◆ **WORK TO BE COMPLETED**
Give back every line of the material exactly. Skip the pictures.

── RAW DATA ──

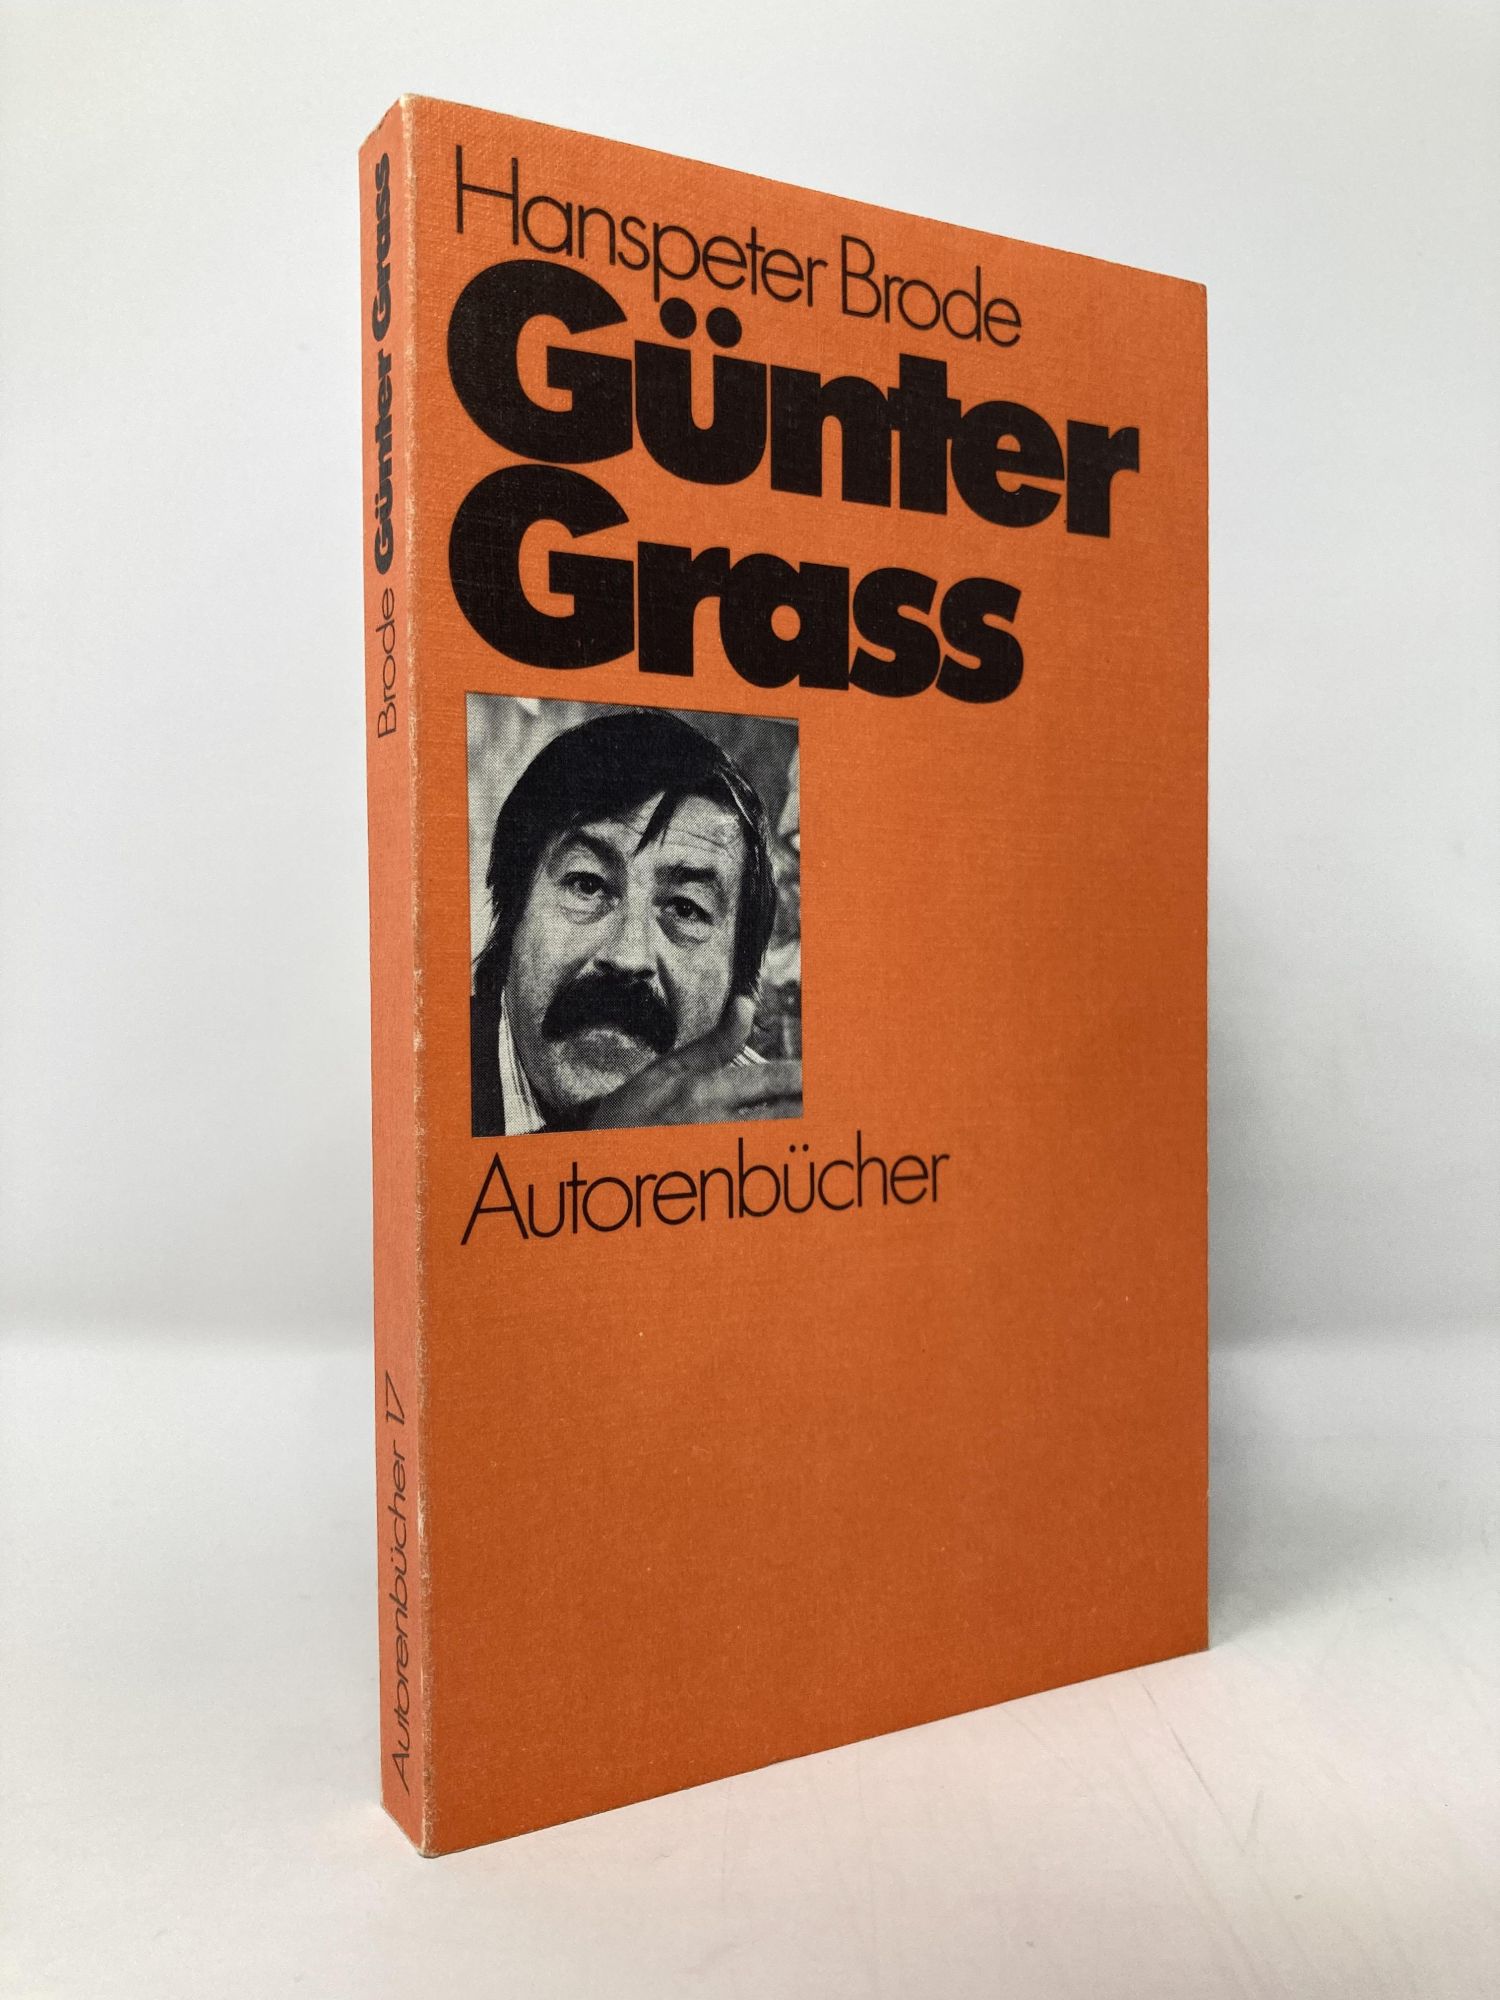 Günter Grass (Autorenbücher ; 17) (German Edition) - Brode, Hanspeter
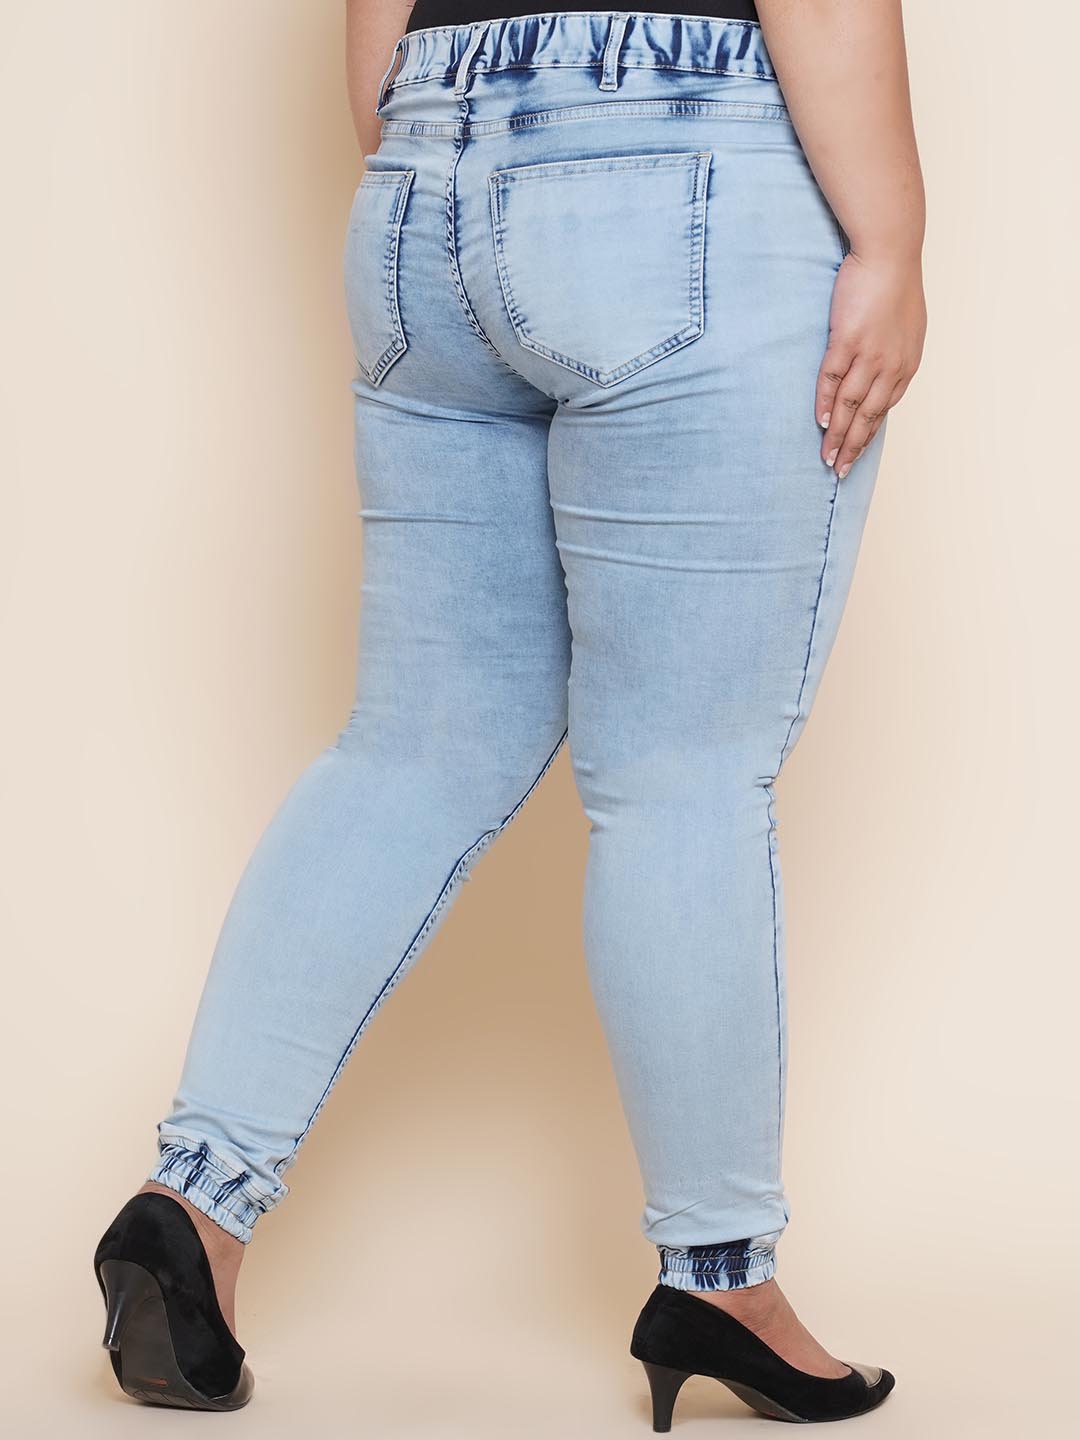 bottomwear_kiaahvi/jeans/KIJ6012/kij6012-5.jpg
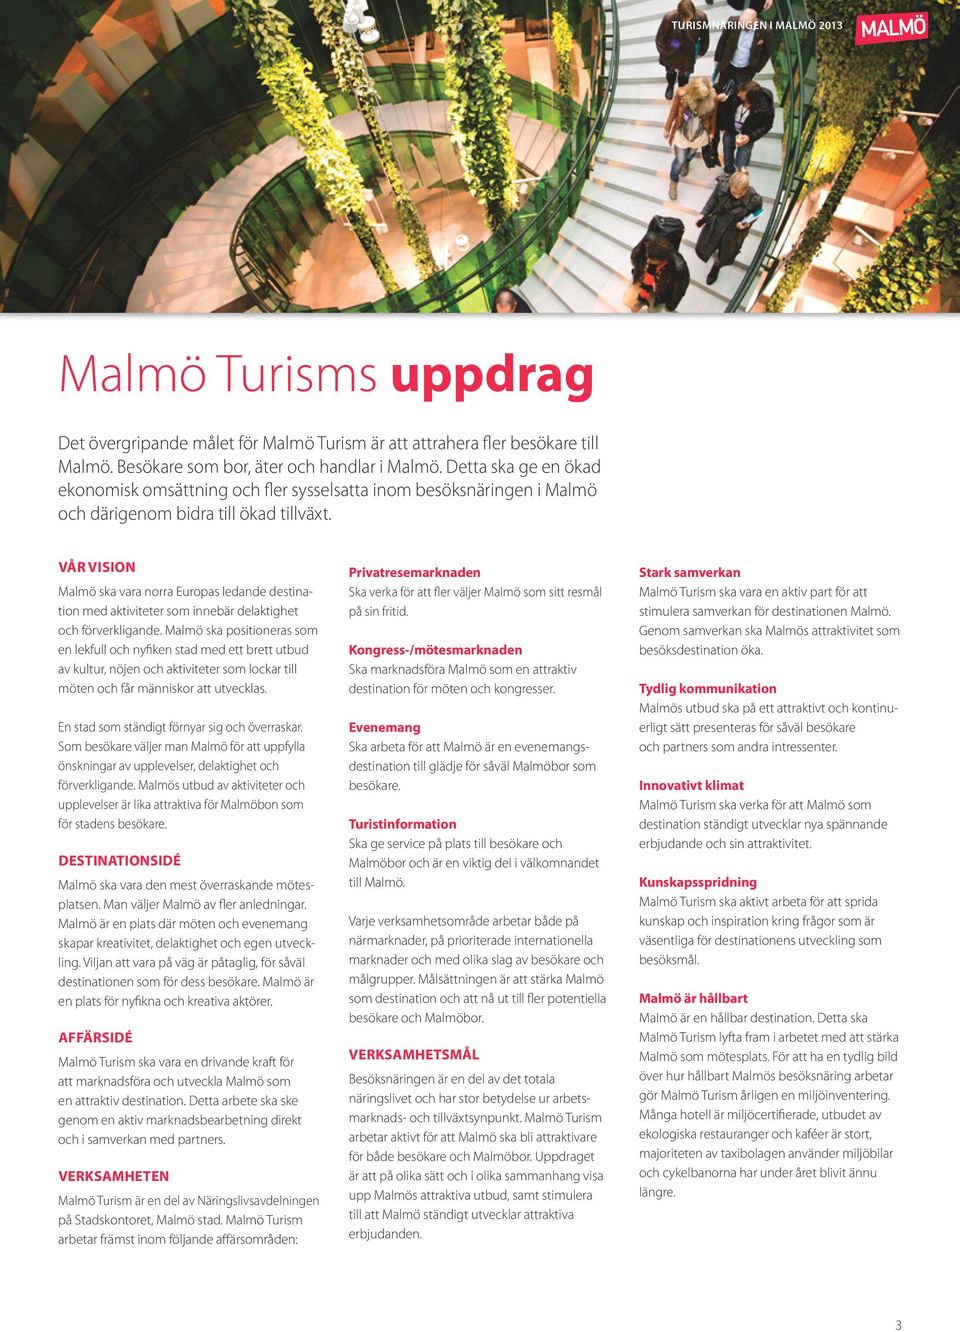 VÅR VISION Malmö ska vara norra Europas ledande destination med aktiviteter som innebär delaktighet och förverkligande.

───

◆ **ANSWER AREA**
 Günter Grass (Autorenbücher ; 17) (German Edition) - Brode, Hanspeter
 bottomwear_kiaahvi/jeans/KIJ6012/kij6012-5.jpg
 VÅR VISION Malmö ska vara norra Europas ledande destination med aktiviteter som innebär delaktighet och förverkligande.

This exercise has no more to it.